The Nobody

Submitted into Contest #48 in response to: Write about a person who collects superhero comics.... view prompt



Look at that pig. What a slob. Can't even take care of himself. Societal trash. You are unneeded. You will never amount to anything. What a nobody.

Call it a superpower if you'd like, but after years of living in this monstrosity of a vessel we call the human body, it had become quite natural for me to hear the voices of the people around me from their stares alone. They won't say it out loud. They may try to mask it with a genial smile. But, I know. I know better than anyone who, what I am.

I am... whatever they said I am. You needn't sympathize with me, as I know you would judge me the same way if you saw me in the streets as a stranger.

You would see a fat nerd. A geek in all sense of the word. A bespectacled man whose face is riddled in acne and warts.

After a while, you just became numb to all the hurtful comments. Explicit or not. I carried on with my life, as they carried on with theirs. No pain gained, no gain pained.

It is just as well, as I knew I couldn't be as strong or as brave as the heroes in my mountain of collection stacked neatly in my apartment room. I hated pain. I hated causing pain, and I hated receiving pain.

I had matured to the point that I would no longer fantasize about swooping in as someone's knight in shining armor. After all, who would want a knight like me? I thought as I looked in the mirror, reflecting the sad state of my body.

Ah, but reality isn't always a bleak tragedy filled with bleak darkness. I frequented a local bookstore for the newly printed issues, and the owner had taken a liking to me.

"Geraldo, my man, here for the usual?" he beamed, his eyes wrinkled as he did, that's a genuine smile if I had seen one.

"You know it, hit me up, Burke," I responded with a raspy voice, a stark contrast to his clear, deep, yet cheerful, voice. A little voice pointed out that without context, I would sound like a junkie requesting for more drugs. That wouldn't be entirely wrong, as these comics made me feel as euphoric as if I had taken drugs. At least, so I thought. I wouldn't know how it felt like to be on drugs, people would just assume I did as I walked past them.

"This week's issue is a real treat, I tell you. You've read the issue before this one, yes?"

"Of course."

"What'd you think of it?"

"Well, I think it's unlikely that the author would resurrect The Darklark again, as Plutonman had followed the instructions to destroy him methodically. The tease at the end, with a purple fist blasting through the ground might actually be a new villain. Maybe, say, a spawn or 'offspring,' " I gesticulated the quotation marks, "of The Darklark."

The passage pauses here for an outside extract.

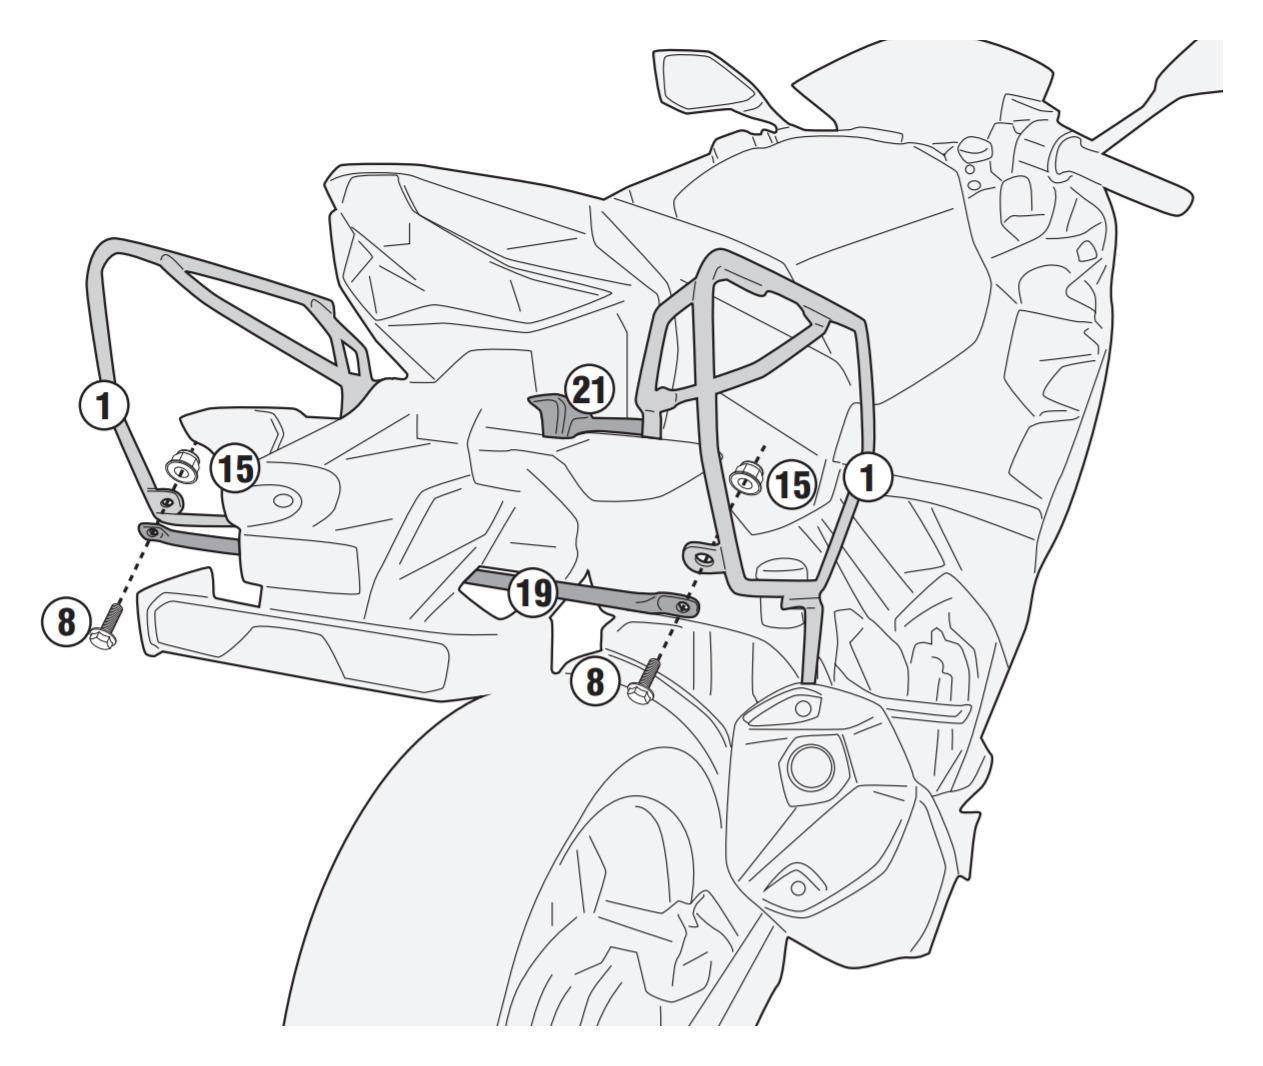 Givi TE4127 Easylock Saddlebag Supports Kawasaki Ninja 400

Burke nodded with a knowing smile, he didn't want to spoil the story to me. As a fellow reader, he wanted me to read and experience it for myself. I respected that, but at the same time, he didn't know yet that I could hear the voice of his thoughts.

Oh, boy, I thought the same way, but that is not all, and I think you'll love where the story is going to lead us if you read what I read.

I couldn't hear anything else past that, as this "power" of mine only heard those the people wanted to say. The difference with Burke was that a moment after I heard his thoughts, the words came verbatim through his mouth. I respected him for that.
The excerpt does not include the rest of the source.